À une époque où les langues foisonnent, où les connexions se multiplient, où les partages abondent, où les amitiés se font plus virtuelles que réelles, où les relations se multiplient en toutes sortes, réelles ou imaginaires, une équation s'est instaurée qui nous égare quant à nos modes de vie . Être seul équivaut à être seul. Or, c'est tout le contraire : si nous apprenons à apprécier notre propre compagnie, à découvrir notre être profond, à aplanir les aspérités qui nous habitent, le désir d'être entouré, de ne pas être seul, ne peut que croître. Et lorsque nous nous sentons bien dans notre peau, il devient presque naturel de se sentir bien avec les autres. En revanche, si un vide intérieur nous habite et que nous pensons ne pouvoir le combler qu'en nous enivrant de compagnie , de liens et de « j'aime », nous ne pouvons que sombrer dans le marécage d'une solitude absolue . Nous gaspillons alors notre équilibre, notre sérénité et une part essentielle de la beauté de la vie.

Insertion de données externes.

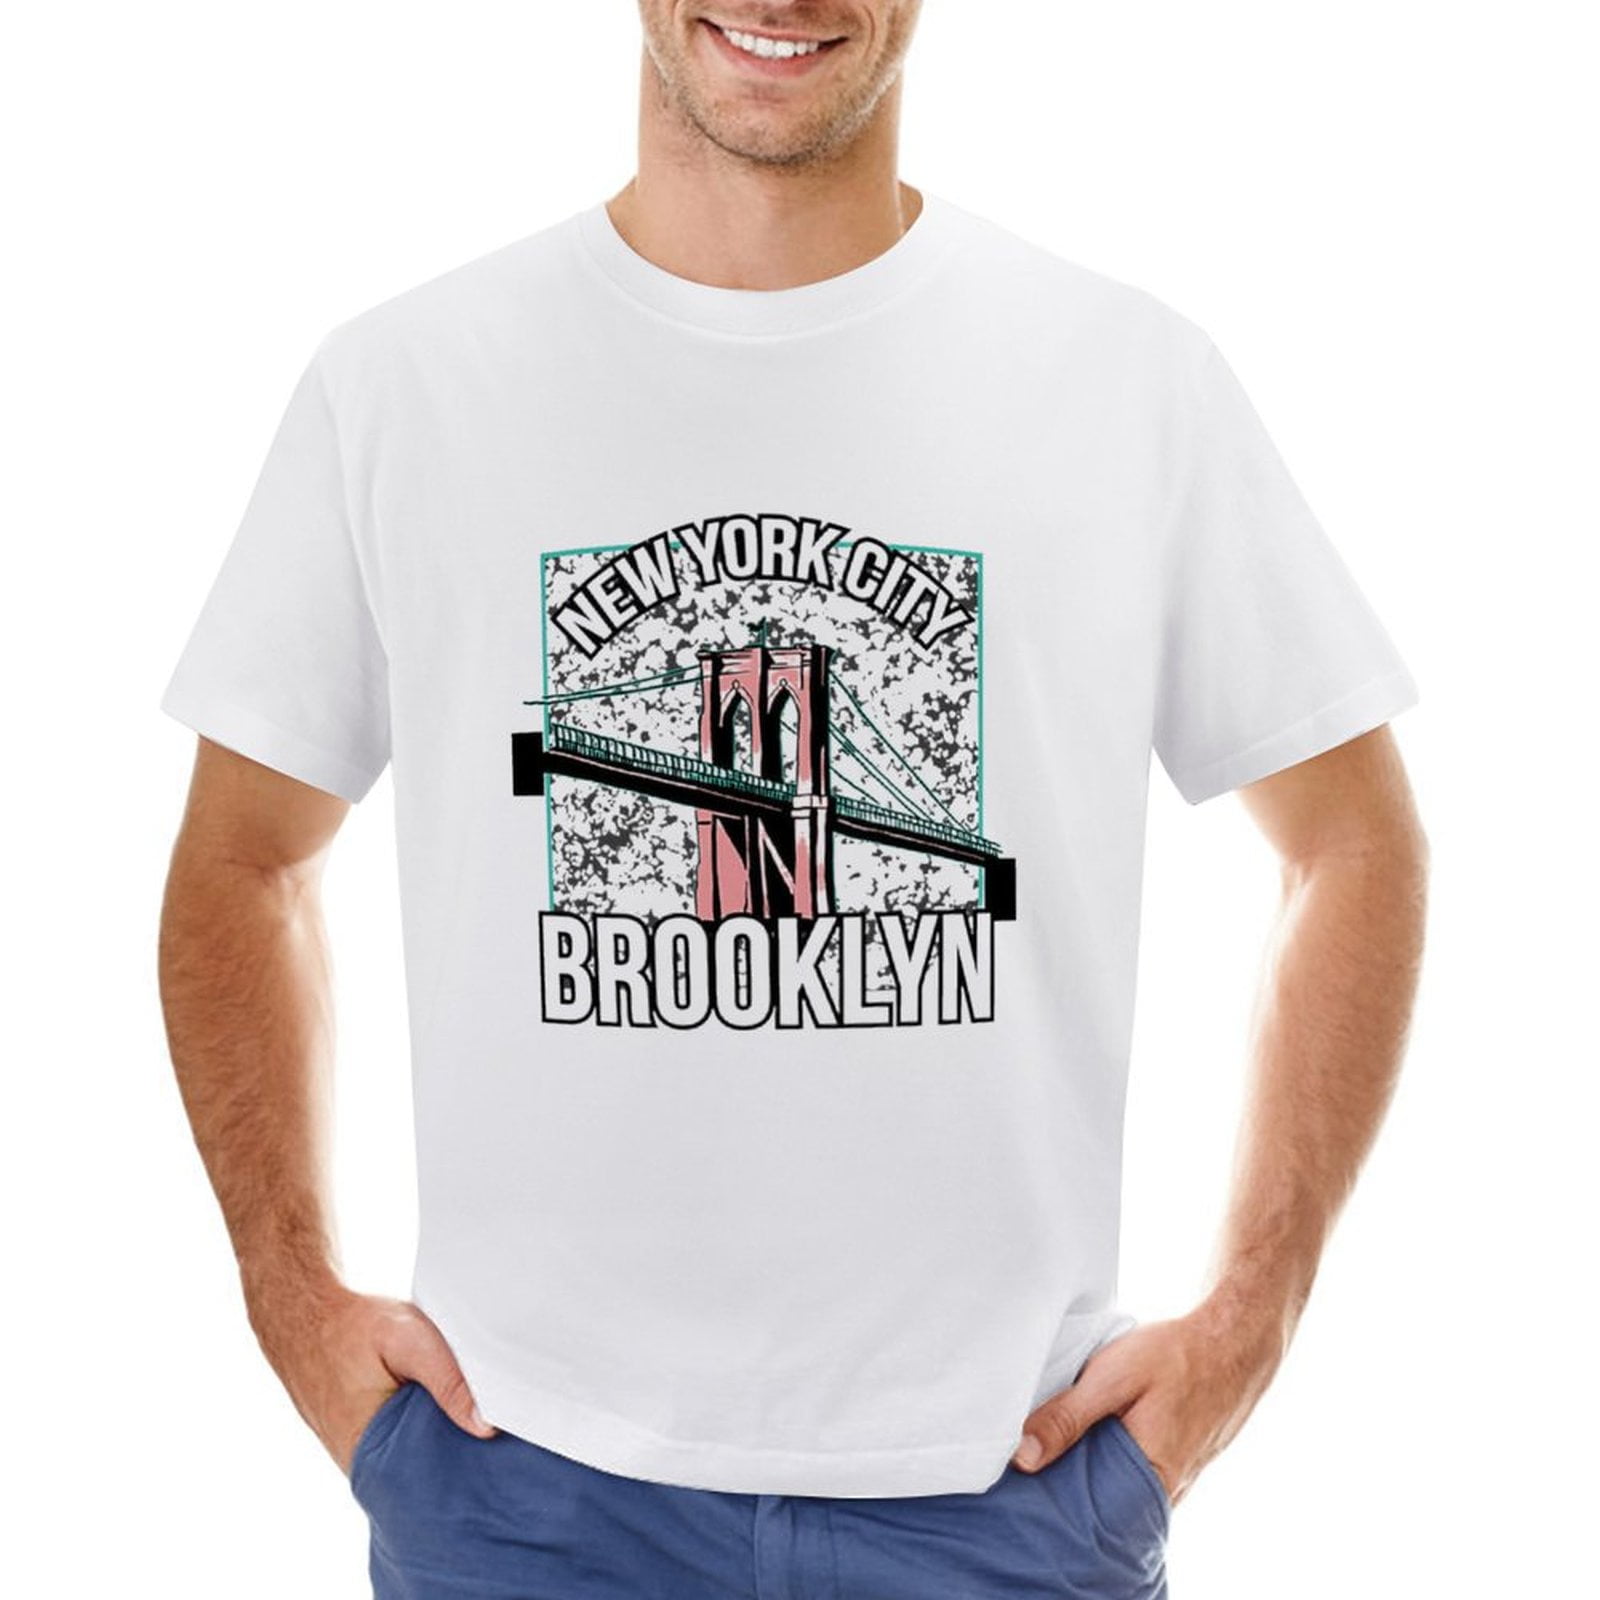 MTA Sport Mens T Shirt Fast Dri Black Size Large Athletic

ÊTRE BIENVEILLANT AVEC SOI-MÊME, UN CHOIX DE LIBERTÉ
Être avec soi-même est un choix de véritable liberté , un lâcher-prise, porté par les vents de l'autocritique, du souvenir , de la réminiscence, voire par la recherche de choses inconnues, peut-être refoulées ou enfouies, qui résident en nous. C'est seulement dans la liberté que nous pouvons nous comprendre, nous appréhender pleinement . Et, encore une fois : plus nous sommes libres, plus nous désirerons des compagnons, des amis, une famille, eux aussi libres. Si nous nous sentons libres, nous nous éloignerons d'autant plus de l'idée même de dominer ou d'écraser autrui , de nous bercer d'illusions, ou plus cyniquement, de croire aimer notre victime.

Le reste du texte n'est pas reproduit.